Frank Baehr
Frank Baehr was the kind of young man that would make any parent proud. As a young boy, he decided that he would go to college, even though this was a time when many boys didn’t even finish high school. In order to make that dream happen, he started delivering papers for the Morning Star. This meant he had to wake up at 3:30 in the morning in order to get his route finished before school. Frank was scheduled to graduate from Rockford High School on June 17, 1913, and he had already secured a spot at the University Of Illinois College Of Engineering. He had always shown an exceptional ability in anything that involved mathematics. But Frank was not only very smart, he had a personality that drew people to him, and even at a young age, he realized that popularity brought with it a certain kind of responsibility. He took this to heart and joined the Temperance Guard and reaching the rank of Major in 1913. Frank traveled around giving presentations to young men about athletic themes and emphasized the “necessity of abstaining from liquor, tobacco, and cigarettes in order to do the best work, mental and physical.”
Frank was born in Mt. Morris and moved to Rockford with his family when he was four years old. They lived in a house on Greenwood Avenue. Everyone who knew him talked of the loving devotion he showed his family, especially his grandmother.
May 31, 1913 was hot and sunny, without a cloud in the sky; a great day to be on the river. Frank was with a group of his friends canoeing down the river. They were in two canoes, Frank and his best friend Stanley in one and the other young men in the second. They had spent the whole day cruising up and down the river. They reached a point on the river down from the dam and the other boys paddled their canoe to the east side. As they maneuvered it out of the water one of the boy was watching Frank and Stanley as they tried to land their craft. He saw Frank and Stanley attempt to come in from the same angle as the previous canoe and then in horror, watched as suddenly the canoe tipped and flung the two young men into the river.
Frank and Stanley managed to hold onto the sides of the canoe and floated about 150 feet. Frank saw a nearby stone wall and thought he could wade to it so he let go of the boat and started towards it. The water came to about his shoulders and was running very swiftly but it appeared that Frank would make it. He was half way across when he stopped and turned back toward Stanley.

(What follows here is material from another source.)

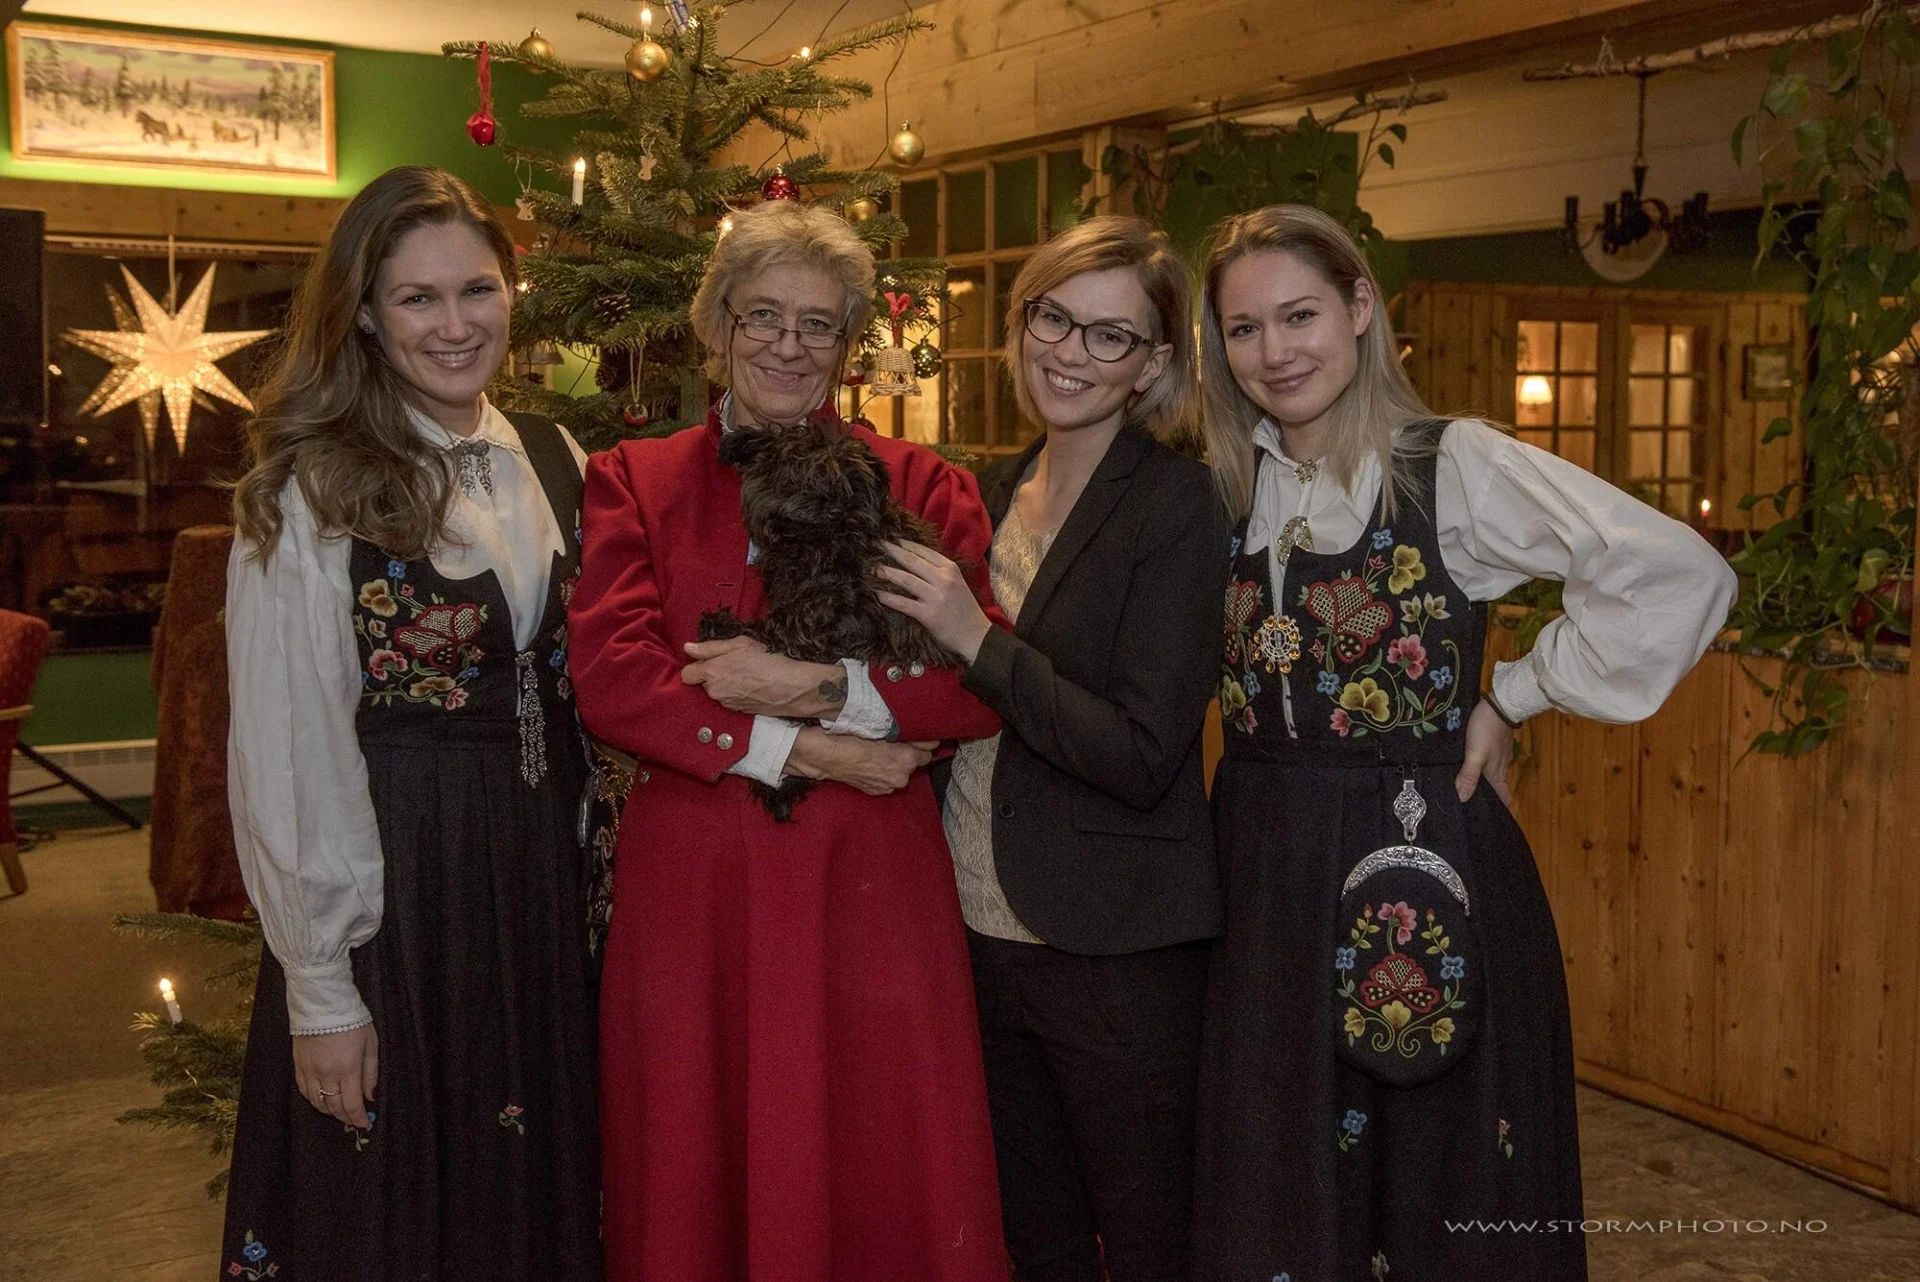 Women in traditional dress celebrate Christmas in Norway. Venabu

The boys on the bank were yelling encouraging things to Frank and they were not sure what he was thinking but they speculated that he remembered that his best friend could not swim. Frank had just started to wade back toward the boat when, without any warning, he slipped under the water and didn’t return to the surface.
Everyone who witnessed this event must have been terrified but none more than Stanley Storey, Frank’s best friend. One could only imagine his feelings as he clung to the side of the canoe and watched helplessly as his friend disappeared beneath the water.
Stanley probably believed he was about to share the same fate as Frank, but he was pulled to safety by the friends in the first canoe. Another friend plunged into the river, hysterically screaming Frank’s name until some passerby grabbed him and restrained him.
Frank’s parents received the tragic news in the worst way imaginable, with a telephone call. Authorities searched for days to find Frank’s body and had just called off the search when a pearl buyer, E.J. Peacock recovered Frank on an island about 4 miles south of Rockford.
This poor family must have felt cursed when Frank’s beloved grandmother, weakened by her grief at the loss of her grandson, collapsed at his funeral and succumbed to pneumonia within days. The family buried her beside Frank in Cedar Bluff Cemetery.
C.P. Briggs was the principal of Rockford High School at the time of Frank’s death. He was asked by the family to speak at Frank’s funeral. He spoke these moving words:
“His young life was well lived and although his going has bowed all in grief, there is some consolation in the thought that what he done, he done well and the memory of his splendid young manhood and accomplishments will leave an impression on school life and this community that years will not efface.”